Among the budget’s highlights is a $41 billion allocation, over the next ten years, to build or preserve 200,000 units of affordable housing. De Blasio says that this—”the largest, fastest” affordable-housing program ever attempted on a local level—will create around 194,000 construction jobs and 7,000 permanent jobs. The New York City Housing Authority will receive $70 million for repairs and security upgrades. An additional $14.4 million will go toward providing shelter for both homeless families and single homeless adults. Says Denise Miranda of the Urban Justice Center, “De Blasio ensures that no New Yorkers will have to choose between living in a mold-infested NYCHA apartment or being homeless.” (That any New Yorker ever did, of course, is a sad example of the city’s prior commitment to affordable housing.) And $17.75 billion will be used for settling outstanding contracts with the city’s labor unions. (In today’s antilabor climate, the fact that “union” isn’t a bad word in the de Blasio administration is a very big deal.)

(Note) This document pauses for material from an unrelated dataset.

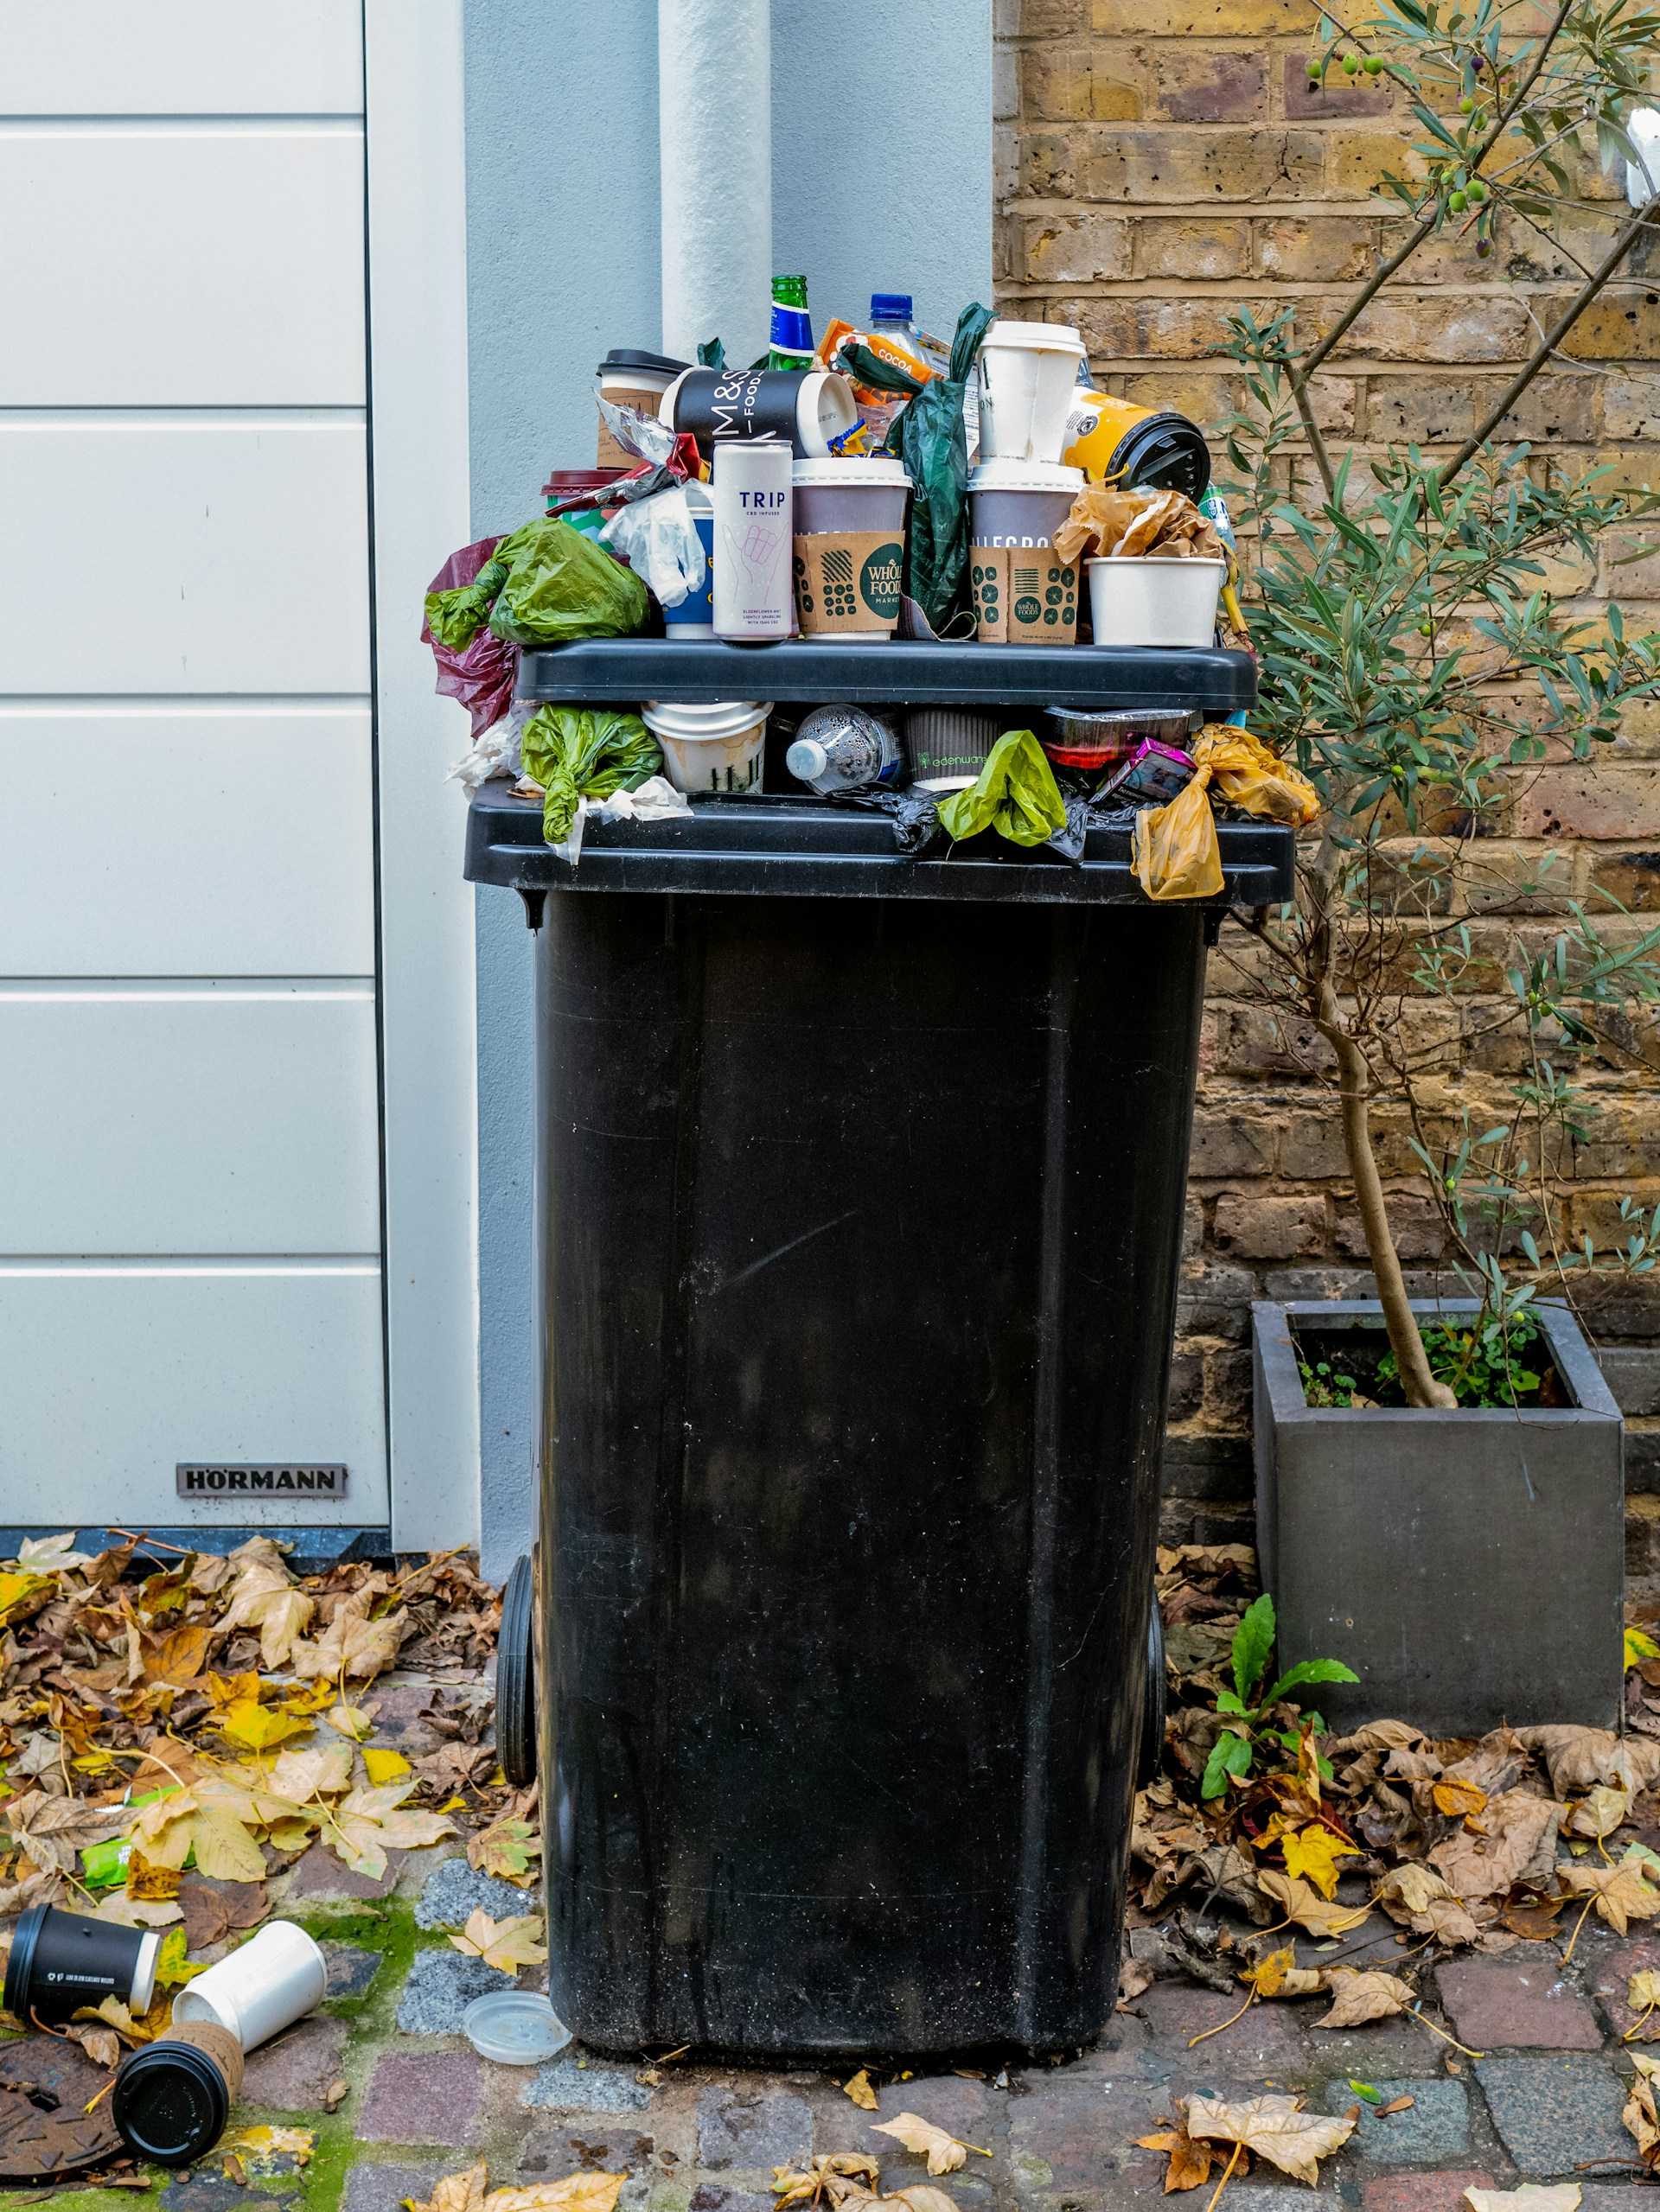 citater en habibi bæredygtighed skrald affald

De Blasio’s budget is a vital wake-up call to a city that saw gentrification and de facto segregation rise under Mayor Bloomberg’s watch, especially where housing is concerned. “Mayor de Blasio’s [housing] plan could help decelerate the seemingly irreversible social segregation that is plaguing New York,” writes Richard Eskow at the Campaign for America’s Future. “What happens if this plan isn’t carried out? Manhattan and parts of Brooklyn will increasingly become white, wealthy enclaves. Gentrification will drive lower-income families out of even the outermost boroughs. Service workers and other lower-earning workers could soon face commute times that rival those of apartheid-era South Africa. The rich cultural diversity that has been New York City’s hallmark will disappear, and the school desegregation called for in Brown v. Board of Education will become impossible to achieve.” It’s frightening indeed when New York City can see Johannesburg as a “peer” on desegregation.

In a related item, the budget calls for a twenty-five percent increase in public-library funding, further demonstrating the mayor’s commitment to providing cultural and educational opportunities across the city, and not just in its elite Midtown core.

Could we finally be leaving Mayor Bloomberg’s Gilded City behind? In the introduction to our special issue about the Gilded City last year, we quoted James Parrott, chief economist of the Fiscal Policy Institute in New York, as saying, “New York City’s government is significant enough in its breadth…that the policy tools exist and the wherewithal exists to do something at the margins to lessen inequality.” De Blasio recognizes this. He also recognizes that he serves at the pleasure of the people—all 8.3 million of them—and that his mandate encompasses all of them.

A city in which white people, who make up 37 percent of the population, but earn 51 percent of the income—and where African-Americans and Latinos, who constitute 47 percent of the population, yet take home only 34 percent of the income—keeps its fingers crossed when it calls itself “great.” So does a city that, during the Bloomberg administration, denied shelter to record numbers of homeless individuals and families.

As De Blasio’s term unfolds and as his budget takes actual shape, the city government will work provide both real and symbolic results for the people, an upgrade from too many years of relying solely on the symbolic. To see just how potent this new brand of progressivism has become, just look at the scene from the recent sixteenth birthday party of New York’s Working Families Party—which de Blasio helped found. In a speech, honoree Cynthia Nixon announced, “We’re at the beginning of a great progressive era in New York City… Bill de Blasio, [public advocate] Letitia James, [city council speaker] Melissa Mark-Viverito. That is a holy trinity if I ever heard of one. We’ve had so many victories lately, and I feel that if we keep working, we have so many more coming.”

It’s said that the ideas behind New Deal were invented, developed, and tested in New York City in the 1910s and ’20s before going national under FDR. Behind De Blasio and WFP’s “holy trinity,” perhaps the New New Deal can start here, too.